*Exercise:* Find, in the records below, the line that contains "Power of Portraits" and the line that contains "This is Albert.". Copy those two lines and everything between them exactly, but not the pictures.

*Excerpted records:*
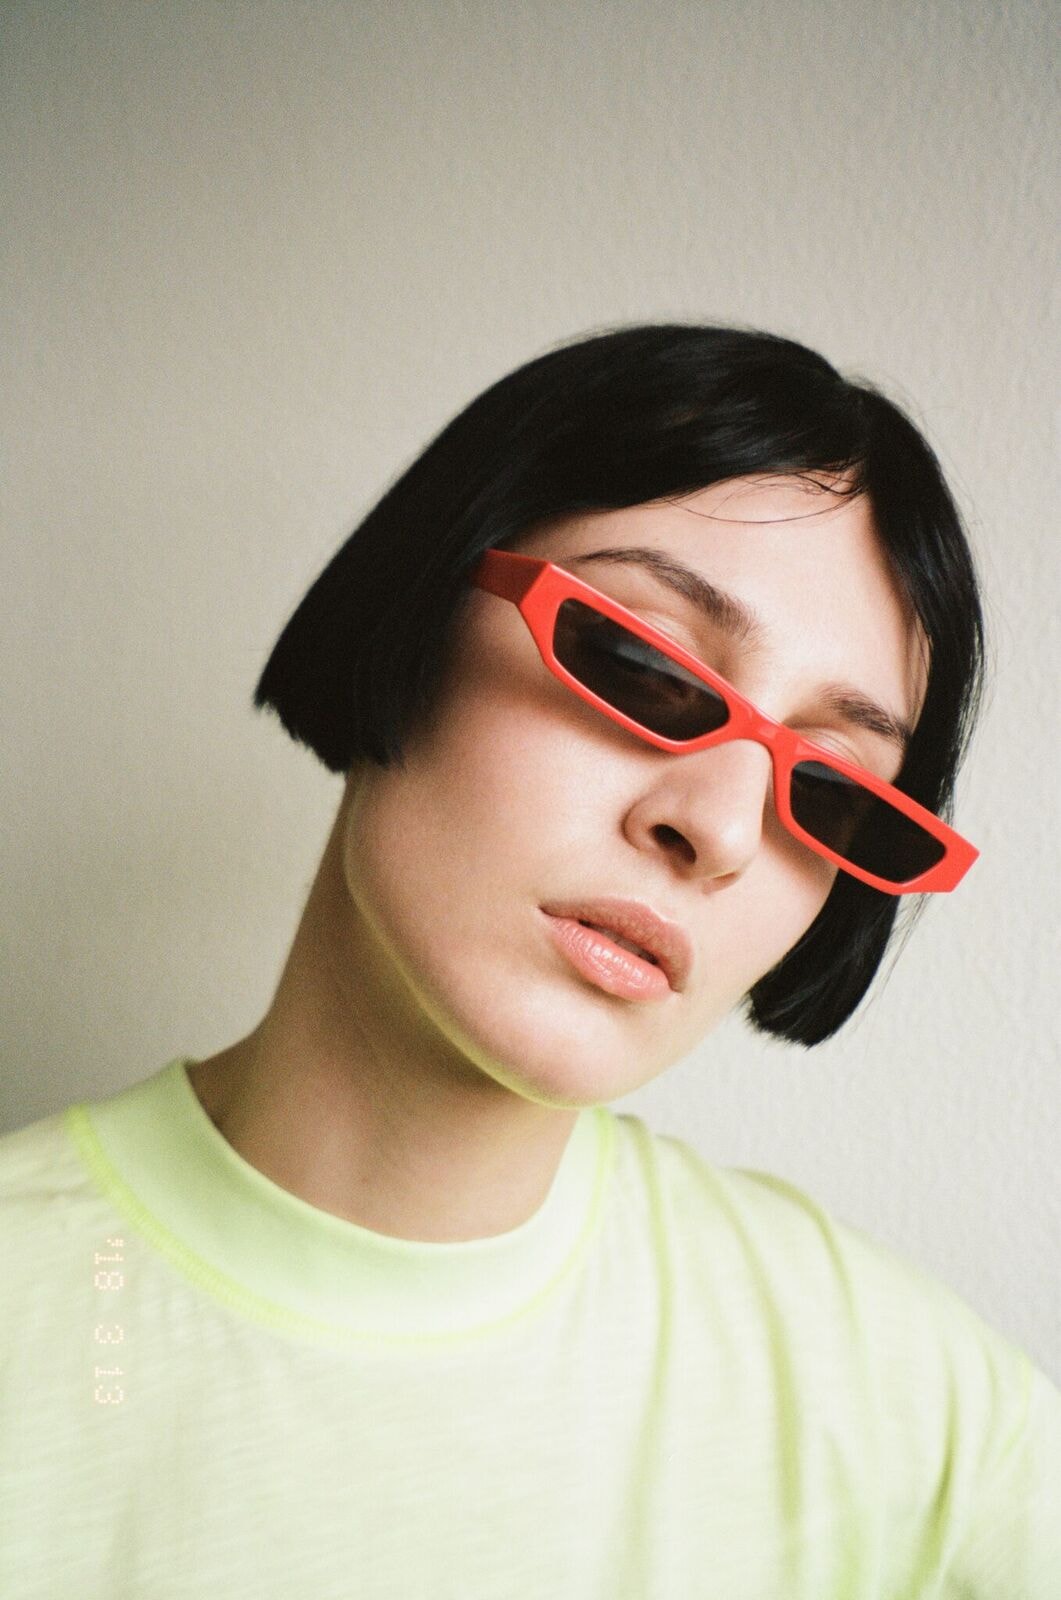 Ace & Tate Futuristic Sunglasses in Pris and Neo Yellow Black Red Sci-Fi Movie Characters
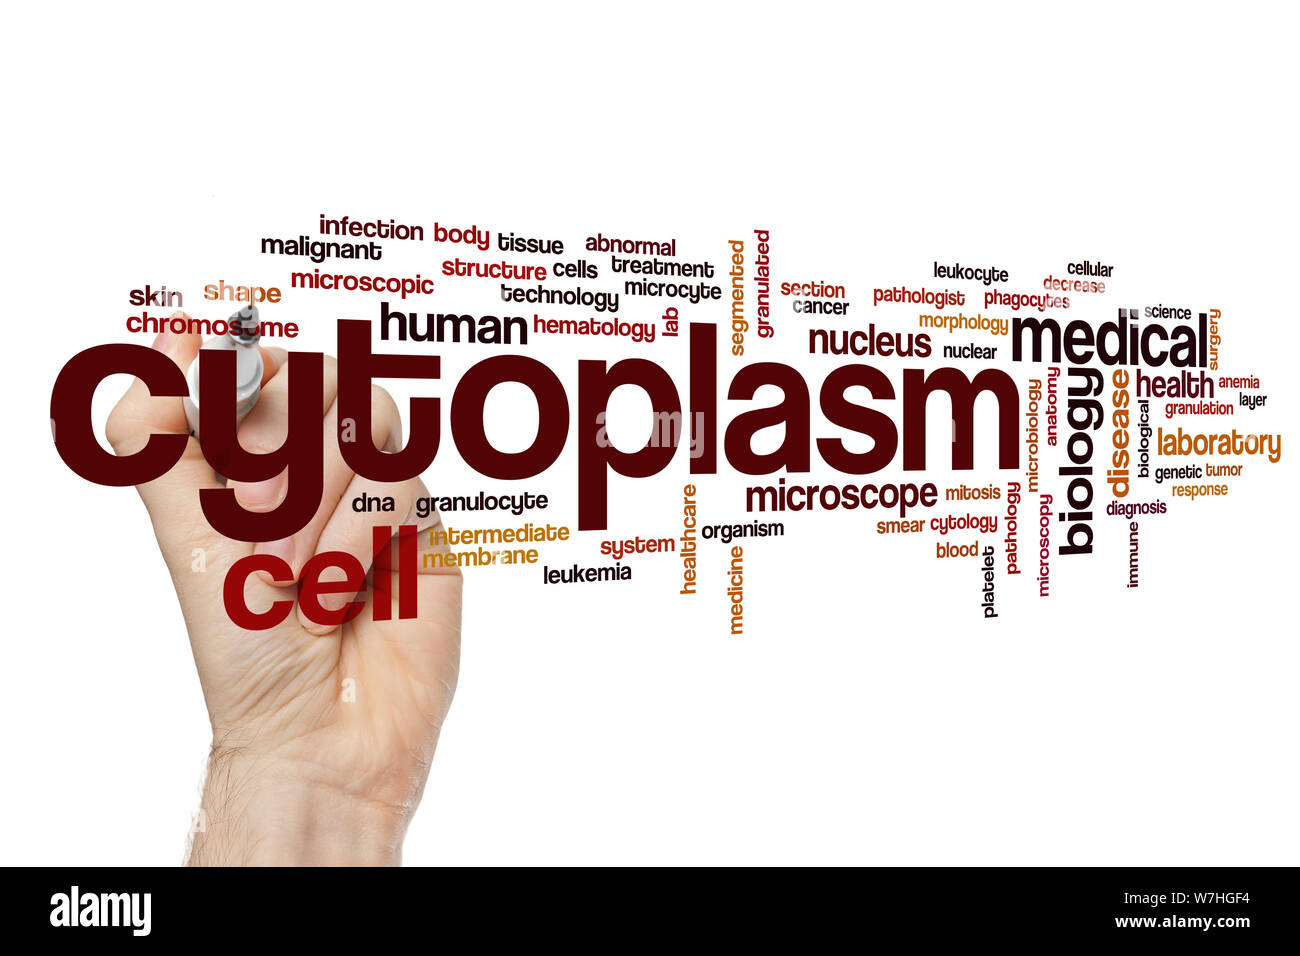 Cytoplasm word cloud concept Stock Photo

---

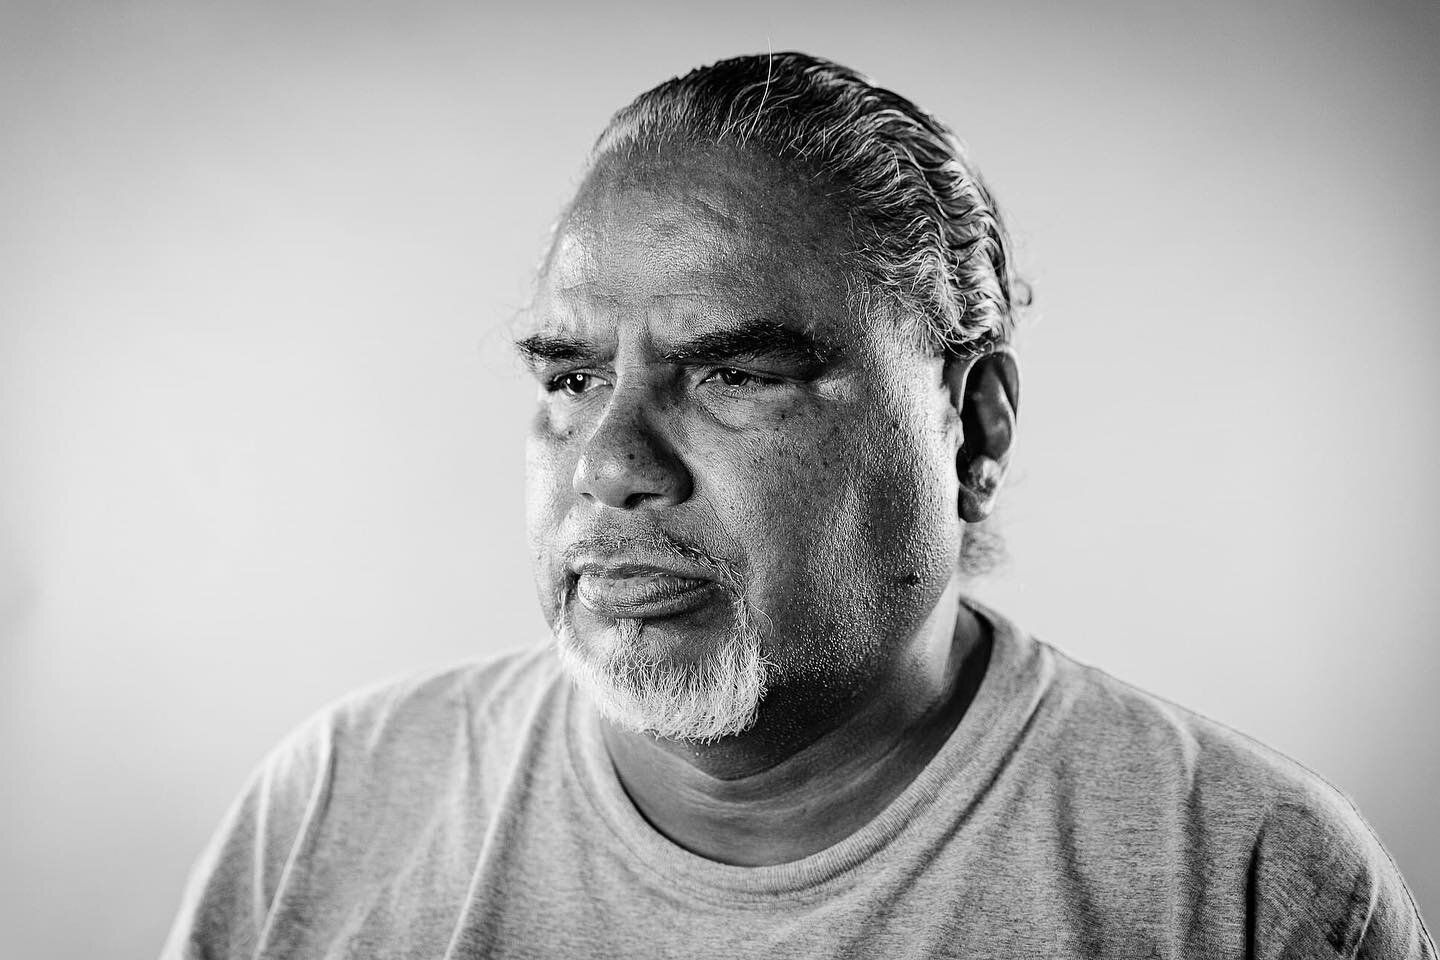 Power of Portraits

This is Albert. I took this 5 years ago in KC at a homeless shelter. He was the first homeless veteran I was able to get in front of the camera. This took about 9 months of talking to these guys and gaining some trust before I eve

*Response to this exercise:*
 Power of Portraits

This is Albert. I took this 5 years ago in KC at a homeless shelter. He was the first homeless veteran I was able to get in front of the camera. This took about 9 months of talking to these guys and gaining some trust before I eve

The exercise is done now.